ドレスデン爆撃

結構広い駅だ…。 駅を出て、白バイのオジさんに英語で聞いてみた。

「ホテルを探しているが、いいホテルはないか??」
「その道を1キロほど歩けばあるよ」

1キロも歩かせんのかコラ!! スーツケースを転がしながら歩いている。 大きなドイツ国旗が、炎天下の青空の下、ゆっくりとはためいている。 プラハと比べれば真逆のように近代的な建物のや共産主義国の無味簡素な建物だらけ。 もっとも、ここは最近まで廃墟だらけ街だったのだ。 300メートルくらい歩いただろうか…もうギブアップ。 こりゃ、もっと近いところにしないと帰りが大変になる…。

結局、駅の中に戻り、インフォメーションのオバさんに宿を紹介してもらった。

駅のすぐ前に立っている小奇麗なホテルにチェックインすることにした。 高いのかな…。 ドイツはユーロなのか…。 (衝動でドイツに来てしまったので、ドイツの歴史はよく知っているが、最近のドイツに対する知識が全くないsuuちゃん)

フロントの女性は一泊1万数千円と言う。 料金交渉をしたいのだが、ドイツ語が全く分からないし自信がもてない。 ああ、仕方ない、苦手だが全て英語で喋るしかないな…。
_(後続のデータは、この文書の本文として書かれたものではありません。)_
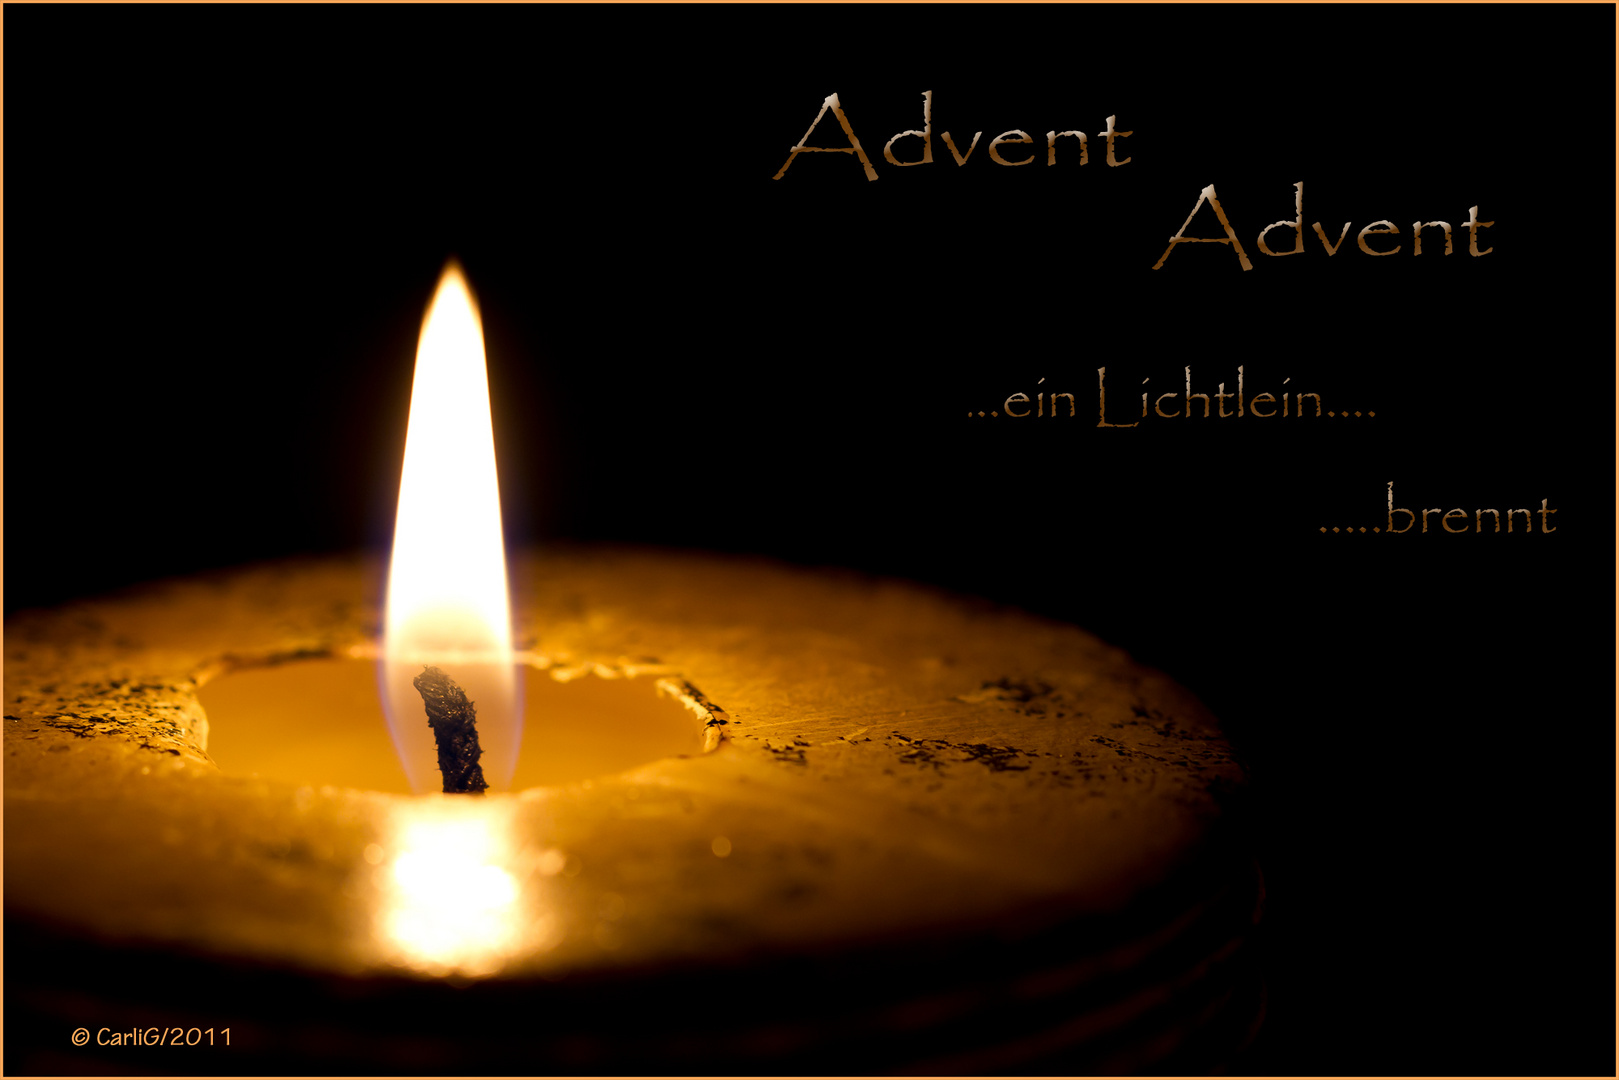 Advent Advent...

すると、朝食を抜けば安くなるといい始めた。 なんだ…そんなら早く言えよ…。

結局、一泊1万円くらいになったのでチェックイン。 パスポートを出し、料金はクレジットカードで決済。 最後に渡された紙に名前と日本の住所を英語で書けばそれで完了だった。 カードキーと、2日間路面電車乗り放題のフリーパスまで貰った…。

おおっ!! これは予想外のサービスだ。 コレが着くならホテル代少し高くても満足だぞオイ…。

ホテルの従業員は笑顔がとても優しい感じだ。 フロントに来るドイツ語を喋る客も、ドイツ語が出来ない僕に気を使っているような感じがある。 フロントと僕の会話を聞きながら、時には笑顔で頷いたりしながら優しい目でこちらを見ている。 

あら・・・ドイツ人もドイツ語もカクカクした感じで、激しいイメージだと思っていたのに・・・

いゃあ、全く違うなぁ。 何かしら落ち着く雰囲気を醸し出しているドイツ人たち。 日本人が言うステレオタイプは勝手過ぎるなぁ…。

僕はフロントに相談してみた。
「ところでドイツ語が全く話せないんだ…。 美味しいという言葉と大丈夫という言葉、そして有難うを教えてくれないか」

「美味しいは、レッコ!!って言うのよ。 そして大丈夫はウキィでいいわ、そして有難うはダンケシェンよ」

「なるほど・・・わかった。ダンケシェン」

「ビッテシェン!」

「それどういう意味だい?」

「どういたしましてという意味よ」

「なるほど・・・」

何だか楽しくなり、そのまま外に飛び出した。

路面電車に乗り、景色がなんだか古めかしくなってきたので、橋を渡ったところでひらりと降りた。

ドレスデン爆撃の映画を見たことがある。 この街は、1945年2月13日、英米軍(イギリス人操縦士)によりボコボコに壊された街だ。

1990年代初頭まで瓦礫まみれのまま放置されていたこの街も、ベルリンの壁崩壊と共に再建が始まる。 このドレスデンは森鴎外も愛したバロックの街…。 プラハと同様に美しき街だった。


ああ、美しい・・・。 プラハとはまた違う雰囲気だ。 チェコは無茶苦茶に古く、その無茶苦茶な古さの中に奥深い味がある。そしてチェコ製の物質には恐ろしくキッチュな芸術性が漂い、身震いする程のレベルの高さを感じる。 

一方、ドイツは古さと新しさの融合というか、街の空気に未来を感じる。歴史的な建物を見ずに歩けば、こりゃ完全に未来世界だ。 街に存在する様々なもののデザインには全く無駄が無く、クーリッシュシンプルである。 それらのデザインは見れば見るほどいちいち琴線に触れる。



ああ、建造物が高いな・・・。 凄く高い。





プラハでも良く見たが、ここでも路上でクラリネットやオーケストラで使用する楽器を演奏する人が多い。 ドイツはオーケストラ世界一の国だもんな…。 



街中で見かける天使たち。 ああ、腹が減ってきたな。 ドイツでの初メシに出かけるか…。